**REQUIREMENT**
Across the entries below, determine how many lines include the word "wallpaper". State only the resulting number.

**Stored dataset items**

BEGIN

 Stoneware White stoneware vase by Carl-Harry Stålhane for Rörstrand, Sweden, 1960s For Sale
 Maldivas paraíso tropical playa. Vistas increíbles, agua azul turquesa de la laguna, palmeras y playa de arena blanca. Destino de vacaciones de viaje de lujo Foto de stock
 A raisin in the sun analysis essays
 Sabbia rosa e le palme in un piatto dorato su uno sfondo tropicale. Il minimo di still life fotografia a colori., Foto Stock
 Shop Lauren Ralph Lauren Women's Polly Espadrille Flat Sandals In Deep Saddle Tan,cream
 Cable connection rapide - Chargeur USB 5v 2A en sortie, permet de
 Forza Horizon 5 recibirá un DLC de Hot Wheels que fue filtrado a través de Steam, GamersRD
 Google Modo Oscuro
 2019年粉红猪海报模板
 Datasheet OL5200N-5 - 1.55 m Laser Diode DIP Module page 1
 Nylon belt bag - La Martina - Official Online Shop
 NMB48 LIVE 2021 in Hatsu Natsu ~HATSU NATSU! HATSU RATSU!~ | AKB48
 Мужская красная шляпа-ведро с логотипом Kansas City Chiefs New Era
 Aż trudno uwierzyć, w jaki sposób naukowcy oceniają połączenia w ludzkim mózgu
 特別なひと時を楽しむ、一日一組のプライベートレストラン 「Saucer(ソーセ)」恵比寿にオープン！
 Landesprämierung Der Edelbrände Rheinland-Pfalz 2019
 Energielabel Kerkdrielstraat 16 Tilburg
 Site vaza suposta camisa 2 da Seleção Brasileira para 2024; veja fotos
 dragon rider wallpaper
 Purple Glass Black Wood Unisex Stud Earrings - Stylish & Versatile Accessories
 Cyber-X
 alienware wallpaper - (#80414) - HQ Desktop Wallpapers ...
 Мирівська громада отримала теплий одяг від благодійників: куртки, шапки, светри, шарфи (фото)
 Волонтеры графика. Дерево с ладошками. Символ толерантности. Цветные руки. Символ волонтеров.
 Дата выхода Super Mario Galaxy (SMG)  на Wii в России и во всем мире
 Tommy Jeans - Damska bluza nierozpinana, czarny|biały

END

**TASK SOLUTION**
2